Where the lines below hold images, skip those and copy every word exactly.
━━━━━ Data below ━━━━━
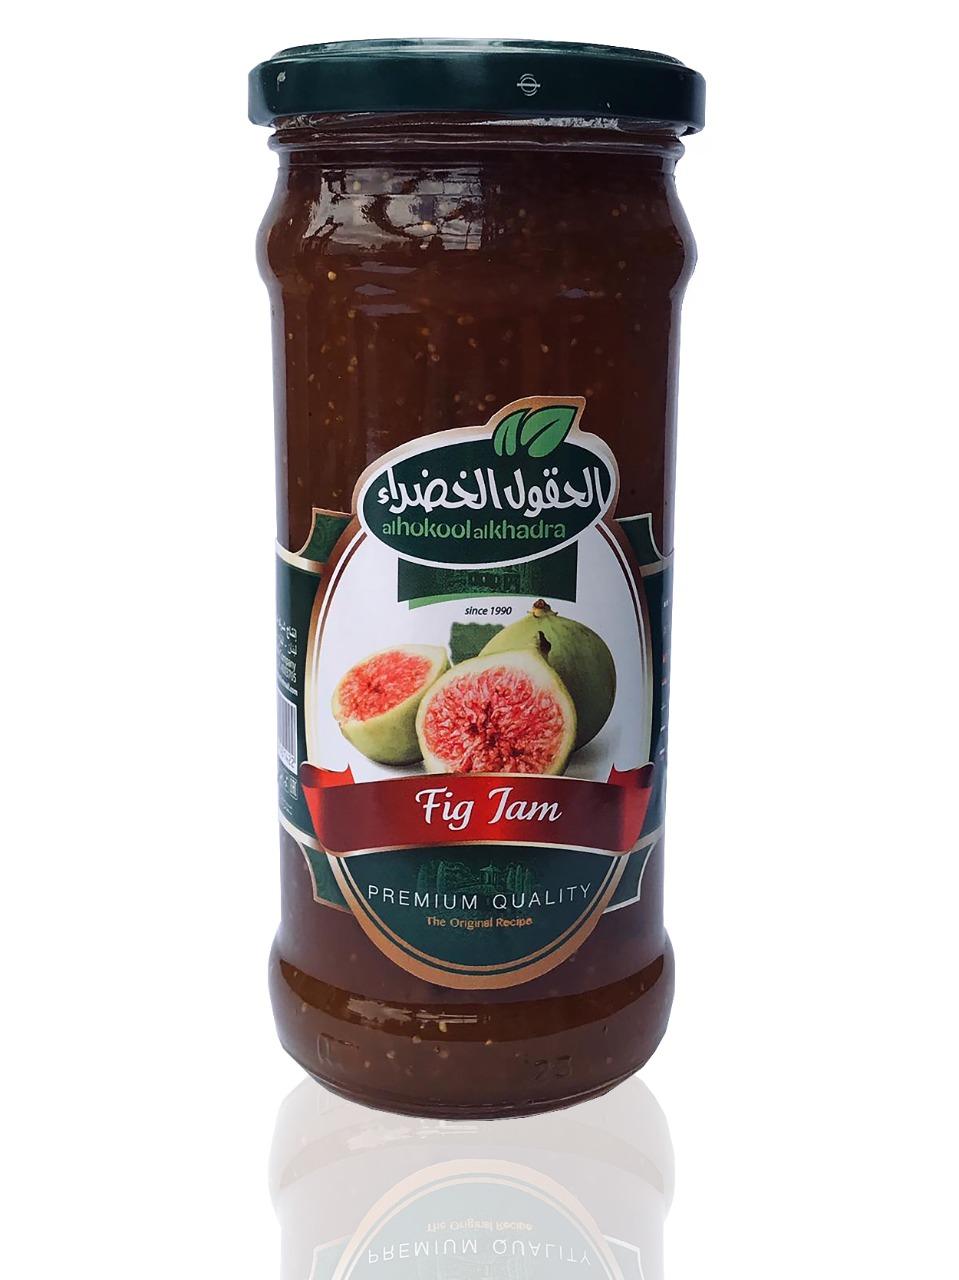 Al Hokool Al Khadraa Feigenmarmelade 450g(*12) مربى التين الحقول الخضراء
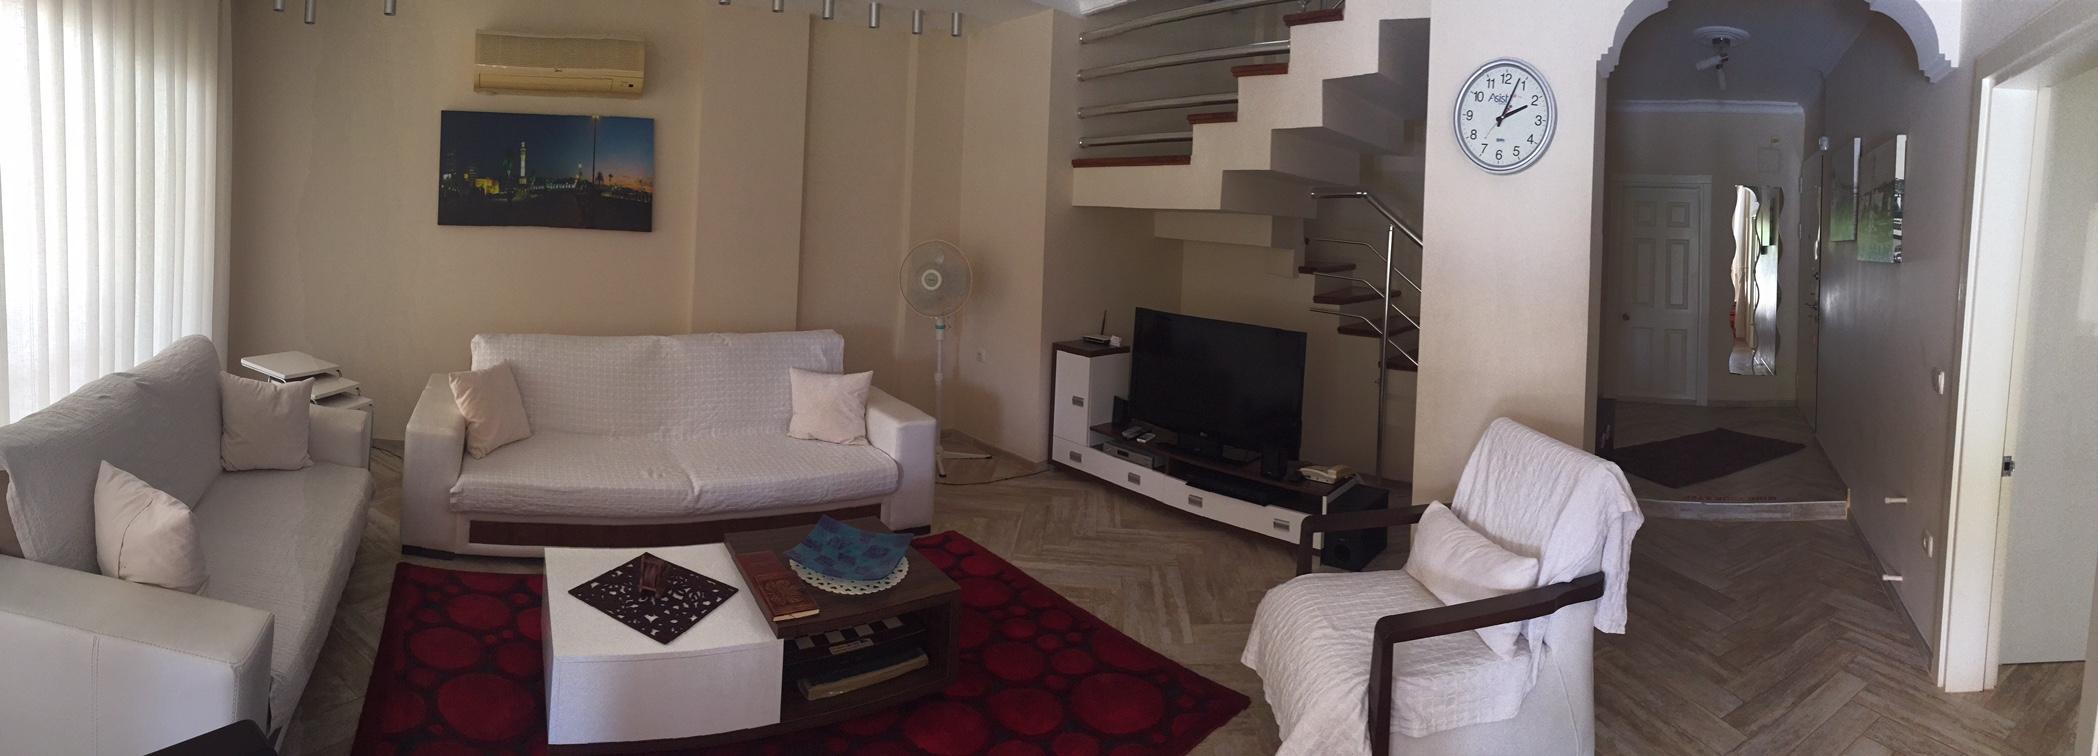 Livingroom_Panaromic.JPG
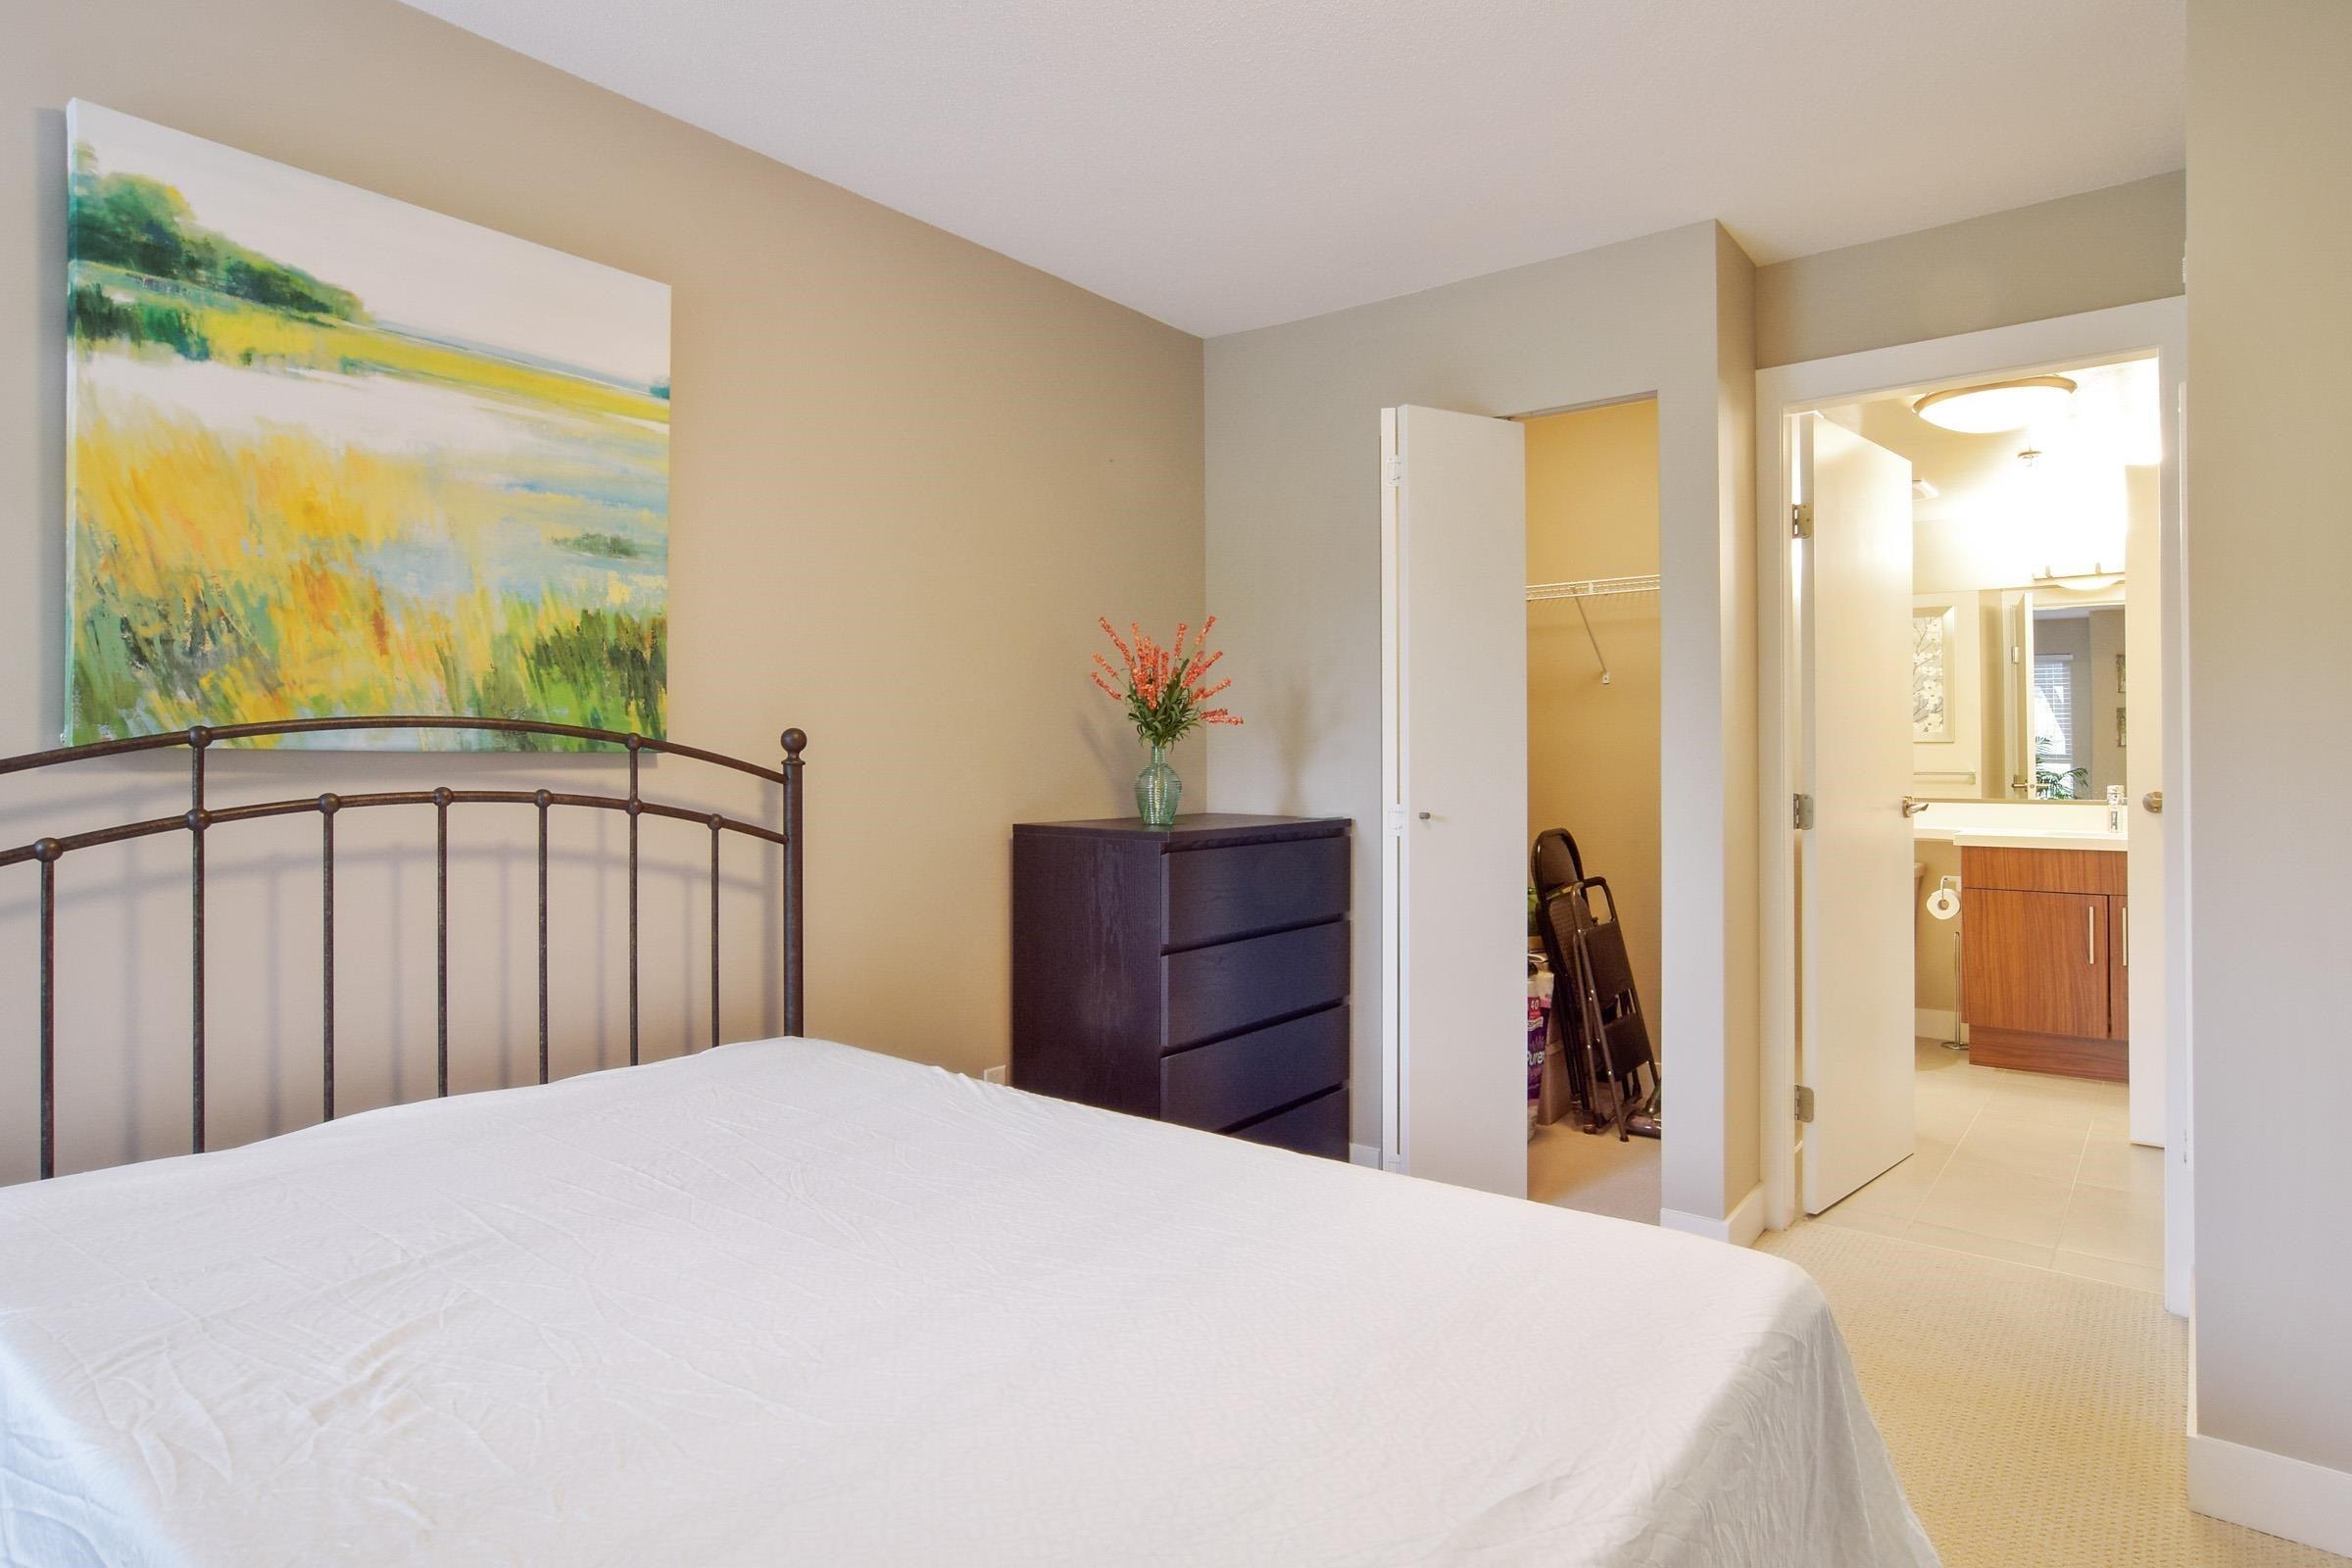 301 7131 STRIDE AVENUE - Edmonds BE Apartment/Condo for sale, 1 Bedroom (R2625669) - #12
━━━━━
Problem solution:
 Al Hokool Al Khadraa Feigenmarmelade 450g(*12) مربى التين الحقول الخضراء
 Livingroom_Panaromic.JPG
 301 7131 STRIDE AVENUE - Edmonds BE Apartment/Condo for sale, 1 Bedroom (R2625669) - #12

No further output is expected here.